Volume IV, Number 2 | Summer 2025

Female Authors in Top Orthopedic Journals Across Different Regions: An Analysis of Authorship Rates and Publication Trends from 2019 to 2023

Ibraheem Qureshi, BS, OMS-III1; Matthew Bernhard, BS, OMS-III1; Aidan Buzard, BS, OMS-II1; Matthew Heffelfinger, DO2; Elizabeth Morrison, MD2
1New York Institute of Technology College of Osteopathic Medicine, 101 Northern Blvd, Glen Head, NY 11545
2Nassau University Medical Center, 2201 Hempstead Tpke, East Meadow, NY 11554

Abstract

Background
Orthopedic surgery remains male-dominated in research publications. This trend is documented in American journals but has not been compared with foreign journals. This study aimed to analyze the rates of female first authors, senior authors, and overall female authors in top orthopedic journals from the United States, United Kingdom (UK), Germany, and East Asia between 2019 and 2023.

Methods
A retrospective bibliometric review of articles published from 2019 to 2023 in orthopedic journals was conducted using the application Genderize. We determined the genders of first and last authors for each article. ANOVA and chi squared tests were used to assess continuous and categorical variables. Posthoc tests made specific comparisons between groups, and multivariate regression identified factors influencing female authorship.

Results
The United Kingdom had the highest rates of female authors(p<0.001). It also had the highest average and percentage of female authors per manuscript (p<0.001). The UK (OR:2.02;95%CI[1.80,2.27];p<0.001) and East Asia (OR:1.33;95%CI[1.10,1.60] p<0.001) had significantly higher odds of female first authors compared to the US. Germany had lower odds of female first and last authors compared to the US (OR 0.65;95%CI[0.50,0.82];p<0.001). All regions showed increased odds of female first authorship when paired with a female senior author(p<0.001).

Conclusions
The UK excels in promoting female authorship with the highest rates of female authors. This indicates greater inclusion of women. Other countries could reduce gender disparity by studying the UK’s culture and initiatives. All regions experience increased female first authorship under female senior leadership, highlighting the impact of women’s leadership role

Key Words: Female, authorship, journal, publications, research

Level of Evidence: Level III Retrospective Comparative Study

Introduction
Despite women comprising 51% of American medical students, they remain significantly underrepresented in orthopedic surgery, with only 18.3% of orthopedic residents being female as of 20221,2. Historical analyses reveal similar disparities in research, with women accounting for just 1.7% of senior authors and 4.4% of first authors in orthopedic journals between 1987 and 20173. Research productivity is essential for career advancement in orthopedics, influencing residency placement, promotions, and leadership opportunities4–6. Orthopedic residency program leaders publish an average of 60.7 papers7. Following the USMLE Step 1 shift to pass/fail in 2022, publications have become a key factor distinguishing applicants, with matched orthopedic residents authoring an average of 8.2 scholarly works8. However, the underrepresentation of women in research risks further entrenching gender disparities in this male-dominated field.

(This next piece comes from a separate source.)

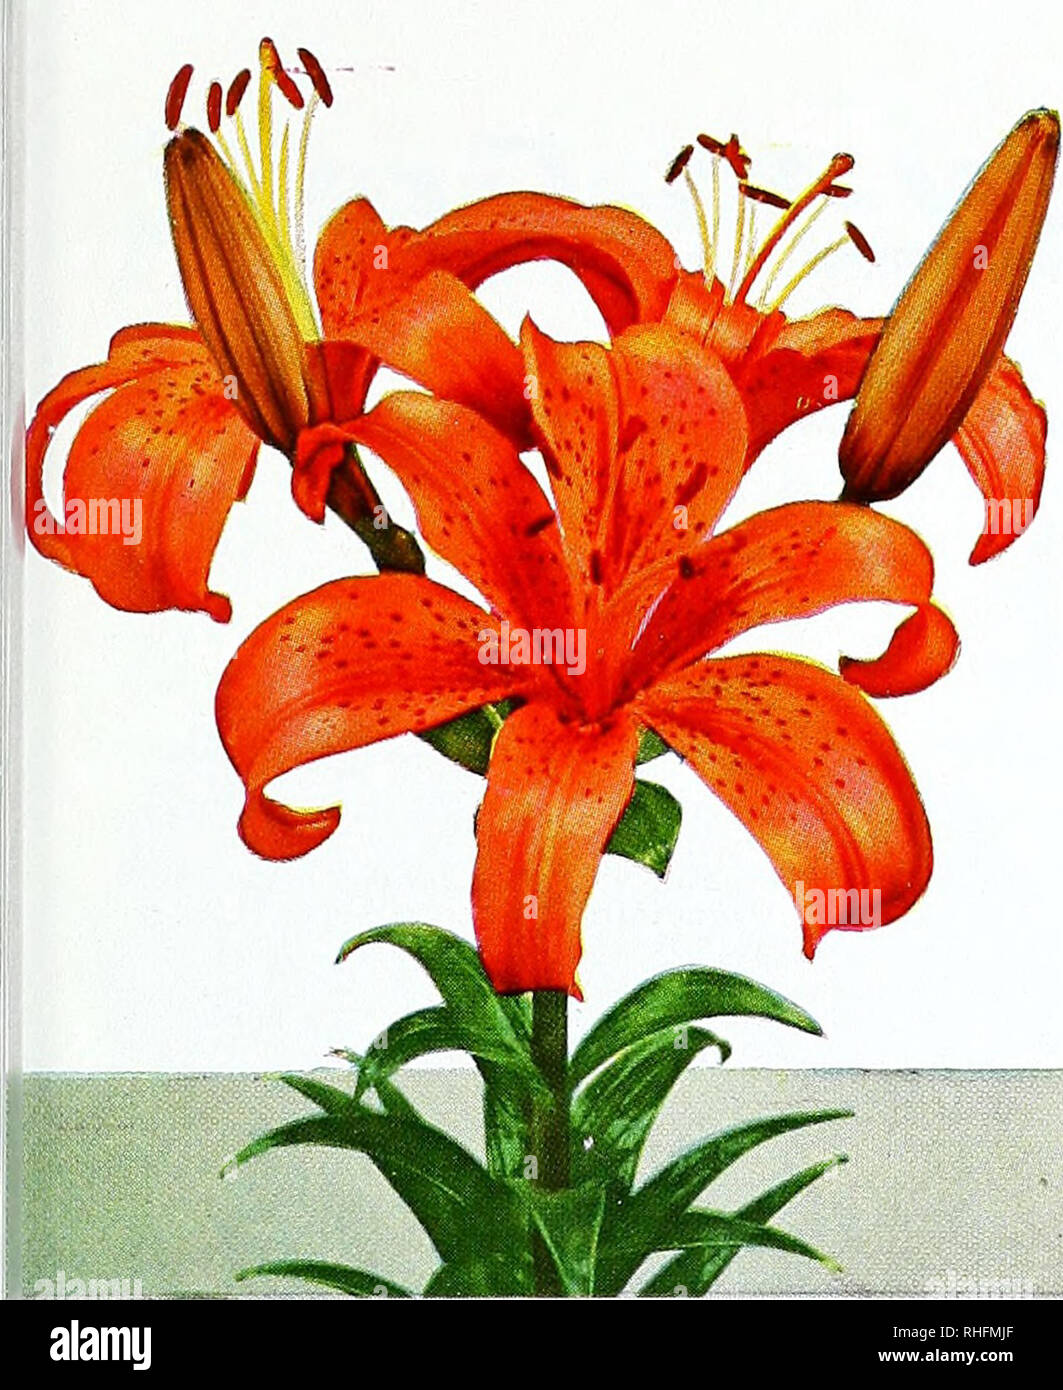 . Bolgiano's bulbs, plants and lawn seeds for fall 1964 planting. Nurseries (Horticulture) Catalogs; Bulbs (Plants) Catalogs; Seeds Catalogs; Trees Catalogs. ENCHANTMENT Madonna {Lilium candidum). Wliite. June bloom- ing. French grown. 65c. each; 3 for $1.85; $7.00 do Speciosum Rubrum. White, tinted pink and heavily spotted red. $1.00 each; 3 for $2.50; S9.00 per doz. Croft. Write for prices. y'^'^y^-^'^0-'ixotk. Colorful - Easy to Grow These glorious Lilies were grown for you in Oregon on the slopes of lovefy Mount Hood. Ready for delivery in October. Each 3 Auratum Platyphyllum. The Gold-Ba Stock Photo

While research disparities in other countries have not been comprehensively studied, existing evidence highlights pronounced gender imbalances in orthopedics globally. For example, less than 2.1% of women in Japan who applied to participate in spine surgery conferences over the past decade were accepted as speakers or program editors9. In a study examining 34 international journals across spine, neurosurgery, and orthopedics, women accounted for only 8.84% of editorial board members, with the lowest representation in spine journals (5.53%) and slightly higher rates in neurosurgery (8.58%) and orthopedic journals (10.77%)10 Furthermore, only 5.4% of editors-in-chief were women, underscoring the lack of female leadership in academic publishing globally10. This disparity in leadership may contribute to the lower rates of female authorship, particularly in countries with fewer women in senior roles, as leadership representation often correlates with broader inclusivity11,12. Understanding global rates of female authorship can provide valuable insights into the state of orthopedics in different regions.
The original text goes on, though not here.